Null Values
Working with Null Values¶
When you come across null values there are a few options of what you can do. One option is to simply drop any rows which have null values. The function dropna() achieves this by going through every row and ensuring there are no null values. It will not do it in place but rather returns a new version of the dataframe.
#The dropna() function gets rid of any rows with missing values
print(df_final.dropna())
If there are only some columns that you want to consider when dropping null values you can give the keyword subset which will only consider dropping rows with null values in these columns.
#If given an argument subset, we can drop only rows with missing values from the subset
print(df_final.dropna(subset=["Height","Type"]))
If you do not want to return a dataframe but want to instead modify the one you are calling these functions on you are free to use the argument inplace=True.
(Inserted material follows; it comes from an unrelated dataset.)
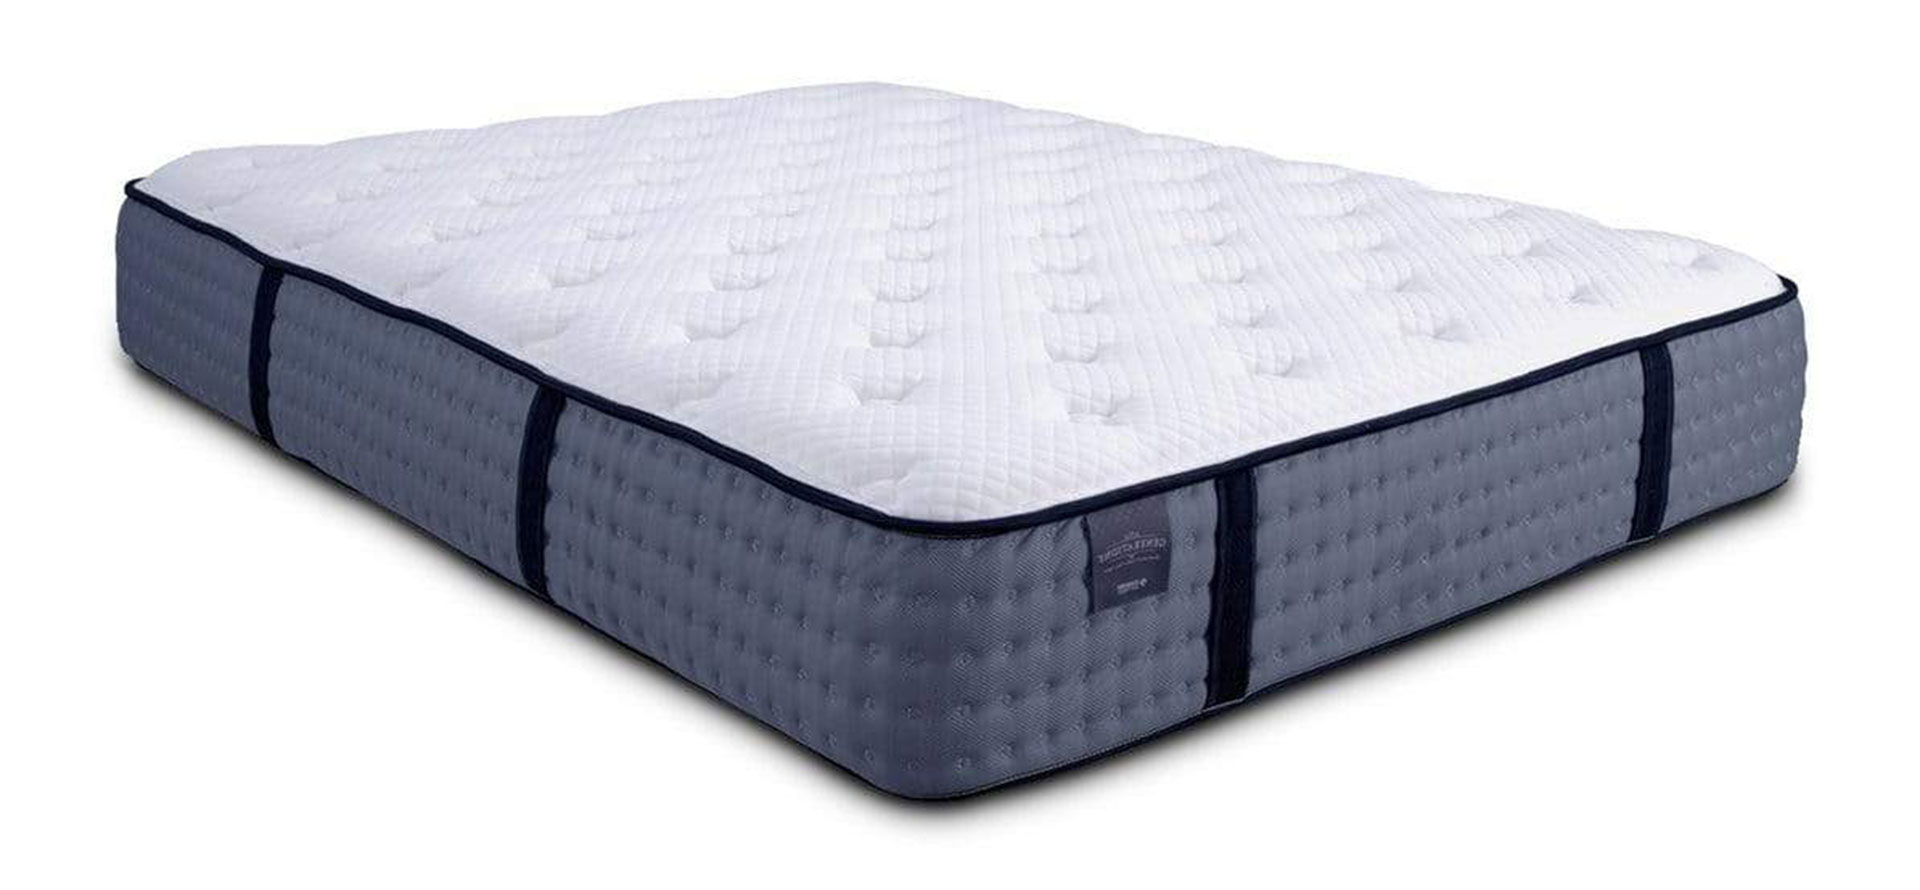 Soft foam mattress.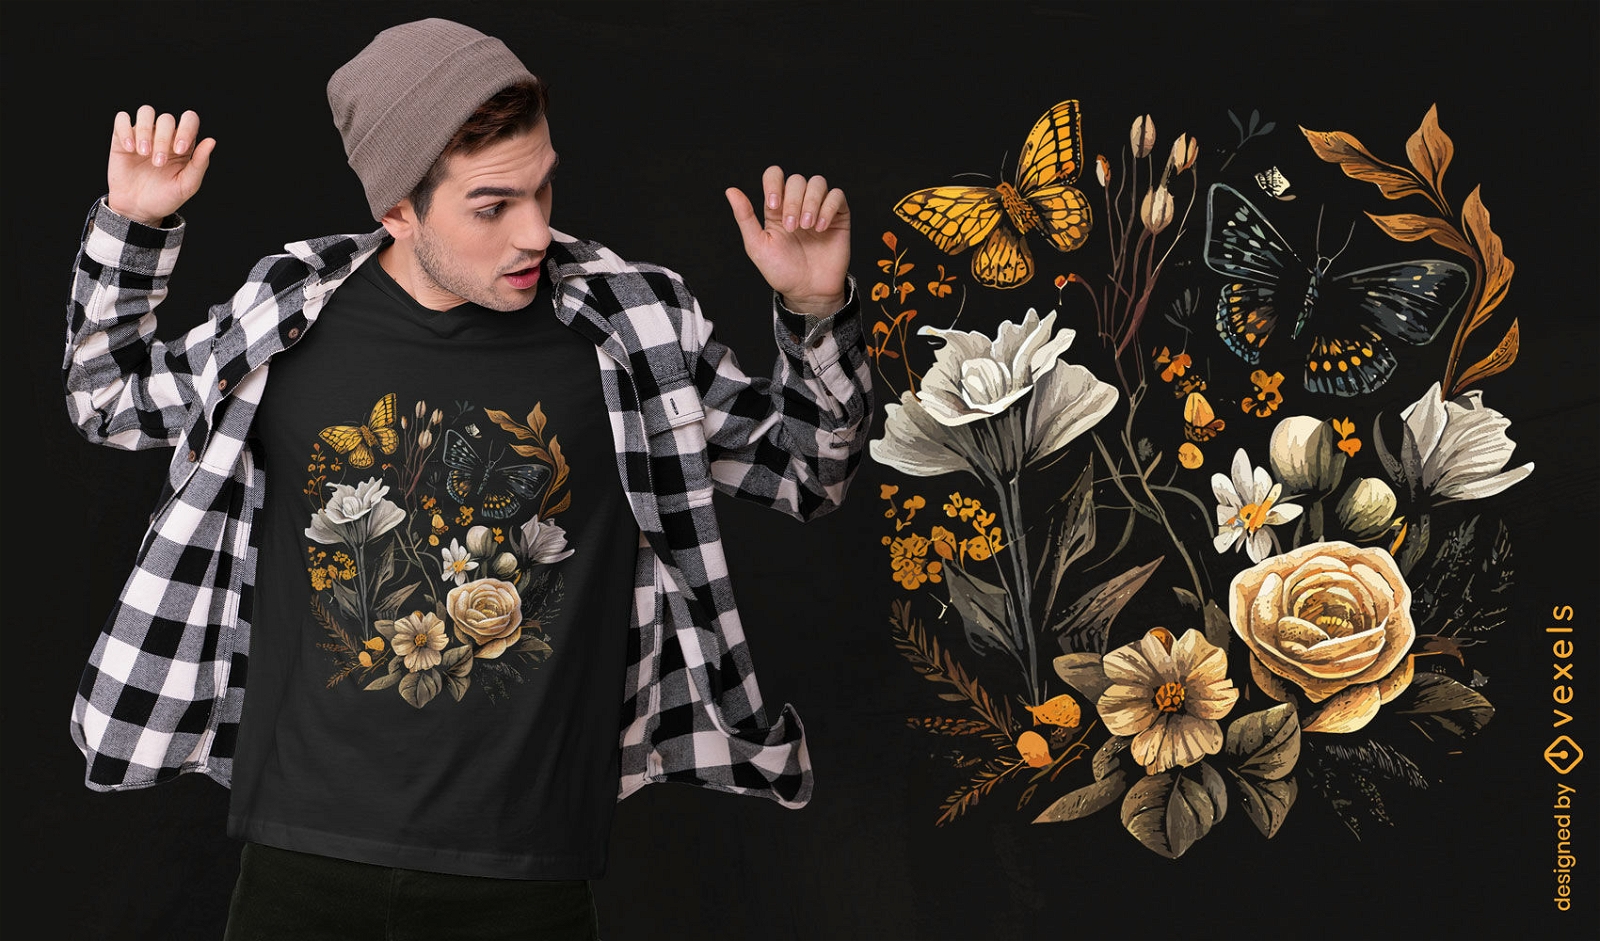 Realistisches botanisches T-Shirt-Design mit Blumen

This will make it so that the modification happens to the object you passed.
#If we use inplace=True then the dropna function happens in place
df_final.dropna(inplace=True,subset=["Height","Type"])
print(df_final)
We may also prefer to use a more descriptive index like the name of the player to refer to the different rows. Calling set_index will return a new dataframe with the index set to whatever column you passed it.
#Setting the index to name changes it from a column to index
df_final = df_final.set_index("Name")
print(df_final)
If there is new data that has come to light, you have the option of overwriting data using loc. For example, we can overwrite the row for Christian McCaffrey and the weight value in that row by executing the code below.
#Using loc we can overwrite data
df_final.loc["Christian McCaffrey","Weight"] = 205
print(df_final)